Aos 10 anos, Laureni Amorim de Souza se juntou à mãe e à avó para iniciar no ofício que garante a sobrevivência da família há muitas gerações. O mar e o rio Pacoti, que corta o município de Aquiraz, distante 29 quilômetros de Fortaleza, servem, ainda hoje, de cenário e de fonte para pescados e mariscos.
“Tudo que a gente via, pegava para comer, para vender, para trocar por farinha. É assim a nossa vida, sofrida”, conta Laureni, 44 anos. O dia da marisqueira começa, na verdade, de madrugada.
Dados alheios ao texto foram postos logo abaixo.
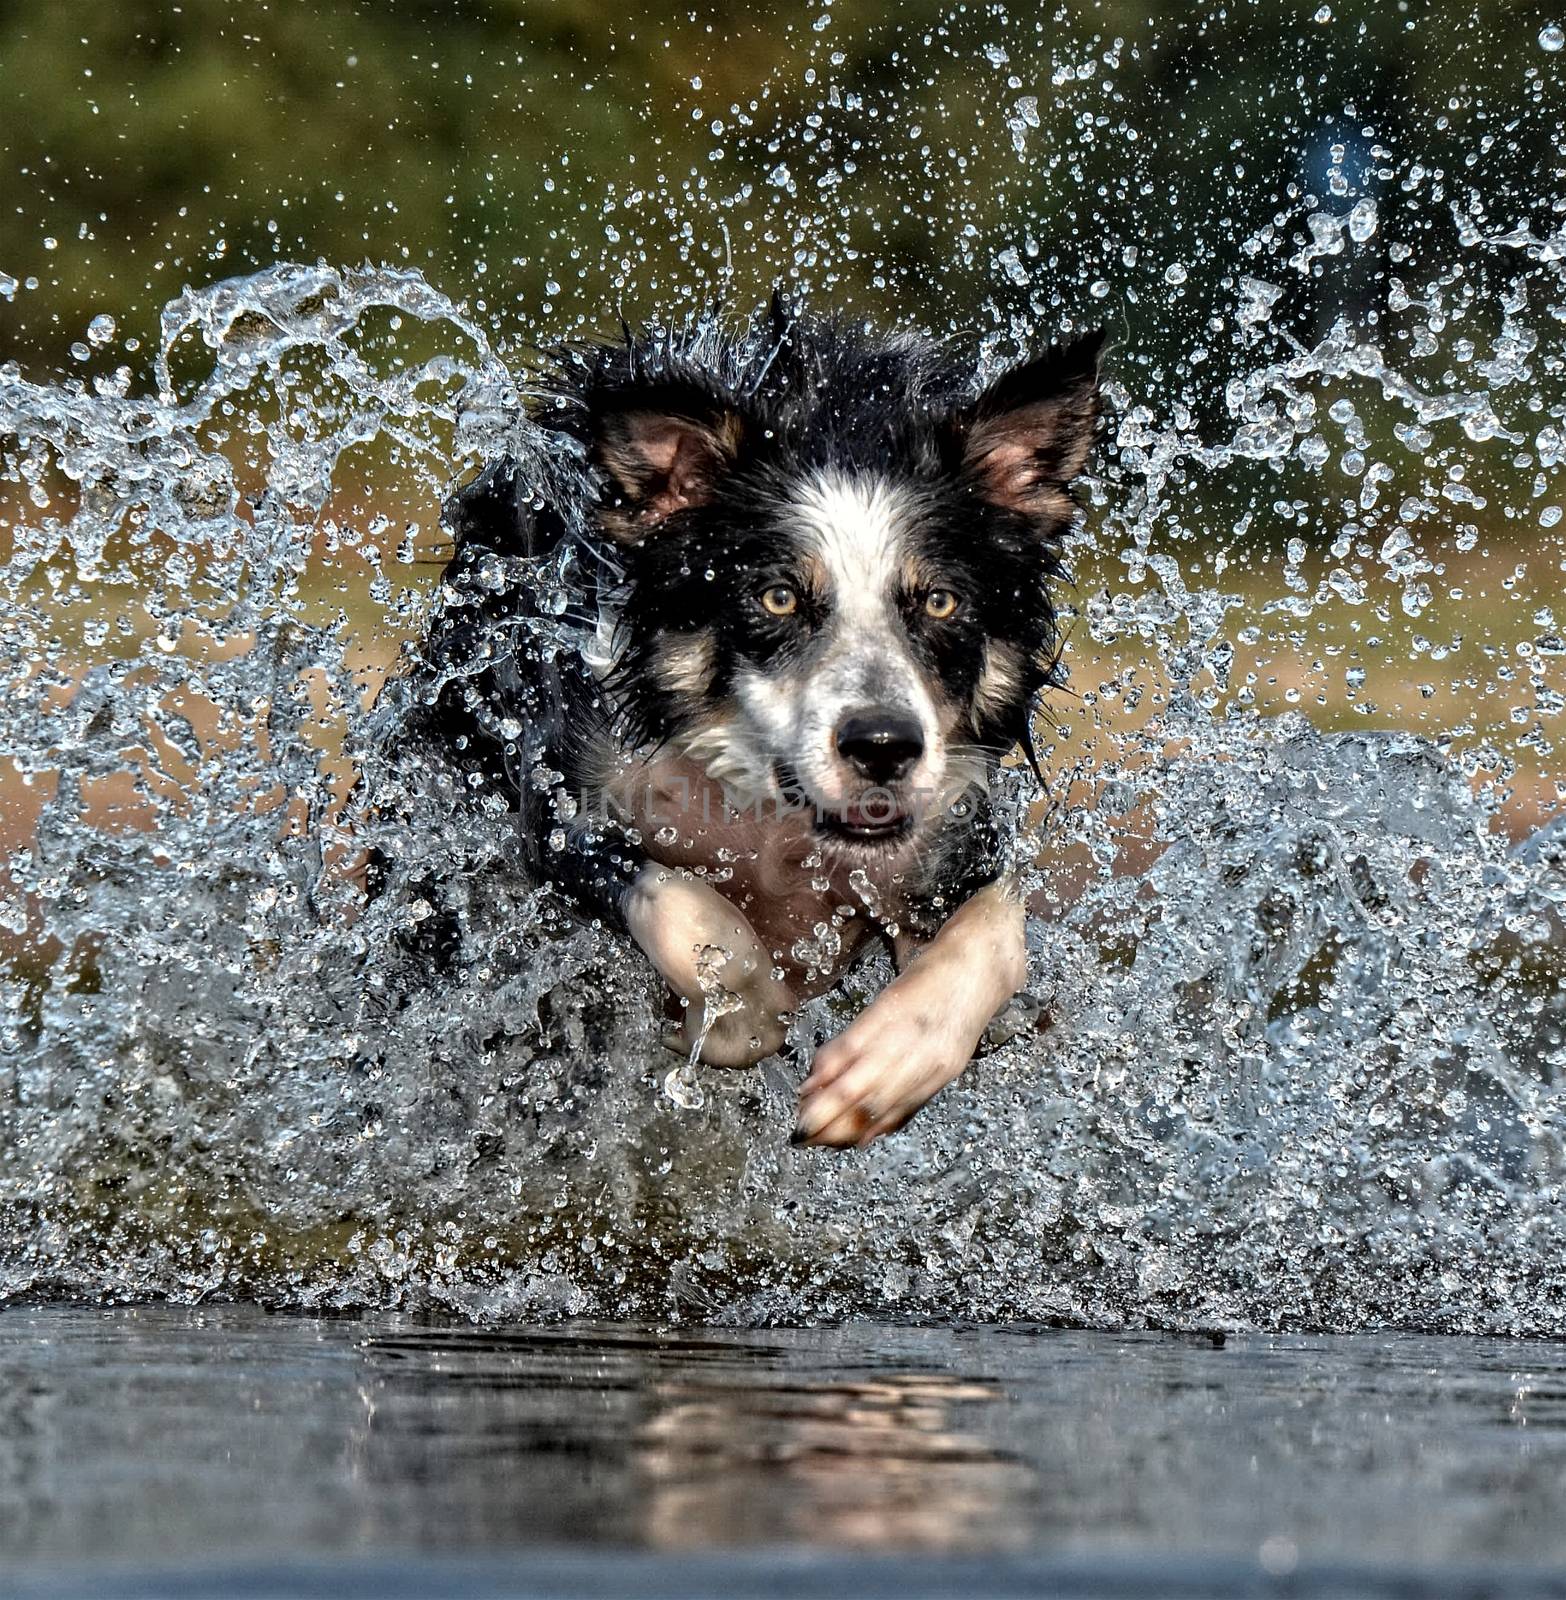 Dog running through water splash by JRTBurr

Às 4 horas ela sai de casa, em Machuca, povoado de Aquiraz.
A companhia alterna. Quando não vai com um dos filhos, segue rumo ao rio ao lado de uma das filhas. Às 11 horas, retornam e dividem o pescado: os graúdos são vendidos, e os pequenos, consumidos pela família de dez filhos.
As vendas são feitas por onde passam e as encomendas são entregues em mãos. O valor arrecadado ajuda a comprar o que falta na despensa e complementa a única fonte de renda fixa, o auxílio do Bolsa Família, essencial para comprar o feijão e o arroz.
“Quando dá pra gente comprar uma carne, a gente compra. Aí, para não faltar na casinha da gente, vamos pescar, para variar a comida. A gente só tem as coisas trabalhando”, reforça.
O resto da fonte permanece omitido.